Which lines of the entries below run from the one holding "Jenna Wortham (NYT)" to the one holding "Women's Nike React", inclusive? Set down exactly those lines and no others.

(Stored dataset items)
____

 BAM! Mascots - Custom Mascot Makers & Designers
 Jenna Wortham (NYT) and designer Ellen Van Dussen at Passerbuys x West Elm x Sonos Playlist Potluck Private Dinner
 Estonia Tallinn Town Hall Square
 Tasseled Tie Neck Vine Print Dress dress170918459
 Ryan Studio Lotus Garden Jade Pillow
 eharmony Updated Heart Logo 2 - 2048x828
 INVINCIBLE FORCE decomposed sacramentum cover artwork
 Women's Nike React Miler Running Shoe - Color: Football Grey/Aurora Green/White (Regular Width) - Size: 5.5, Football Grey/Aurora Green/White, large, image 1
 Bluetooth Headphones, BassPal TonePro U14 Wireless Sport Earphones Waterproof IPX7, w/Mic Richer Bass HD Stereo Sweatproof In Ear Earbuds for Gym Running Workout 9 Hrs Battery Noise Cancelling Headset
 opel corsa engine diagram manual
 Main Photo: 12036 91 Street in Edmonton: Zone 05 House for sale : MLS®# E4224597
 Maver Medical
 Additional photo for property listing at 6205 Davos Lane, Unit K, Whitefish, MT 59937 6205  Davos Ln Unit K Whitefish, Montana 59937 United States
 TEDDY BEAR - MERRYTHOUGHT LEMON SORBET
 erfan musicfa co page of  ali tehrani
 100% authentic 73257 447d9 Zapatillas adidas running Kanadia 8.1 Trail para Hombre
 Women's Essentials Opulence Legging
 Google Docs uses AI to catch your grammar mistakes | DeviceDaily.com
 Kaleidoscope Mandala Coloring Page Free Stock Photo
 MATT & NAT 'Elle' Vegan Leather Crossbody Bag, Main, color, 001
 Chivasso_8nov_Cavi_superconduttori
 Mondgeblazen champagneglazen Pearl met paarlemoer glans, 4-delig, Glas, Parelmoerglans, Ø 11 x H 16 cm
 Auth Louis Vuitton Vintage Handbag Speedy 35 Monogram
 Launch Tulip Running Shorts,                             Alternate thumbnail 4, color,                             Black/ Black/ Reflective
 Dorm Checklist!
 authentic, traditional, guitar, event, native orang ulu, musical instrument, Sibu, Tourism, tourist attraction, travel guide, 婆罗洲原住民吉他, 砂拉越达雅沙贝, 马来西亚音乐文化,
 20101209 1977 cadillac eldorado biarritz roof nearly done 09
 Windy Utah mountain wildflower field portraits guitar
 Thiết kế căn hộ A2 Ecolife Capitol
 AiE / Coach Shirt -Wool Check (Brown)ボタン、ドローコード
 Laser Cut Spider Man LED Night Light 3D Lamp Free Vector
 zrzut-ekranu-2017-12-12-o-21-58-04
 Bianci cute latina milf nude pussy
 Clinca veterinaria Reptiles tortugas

____

§ Answer for this exercise
 Jenna Wortham (NYT) and designer Ellen Van Dussen at Passerbuys x West Elm x Sonos Playlist Potluck Private Dinner
 Estonia Tallinn Town Hall Square
 Tasseled Tie Neck Vine Print Dress dress170918459
 Ryan Studio Lotus Garden Jade Pillow
 eharmony Updated Heart Logo 2 - 2048x828
 INVINCIBLE FORCE decomposed sacramentum cover artwork
 Women's Nike React Miler Running Shoe - Color: Football Grey/Aurora Green/White (Regular Width) - Size: 5.5, Football Grey/Aurora Green/White, large, image 1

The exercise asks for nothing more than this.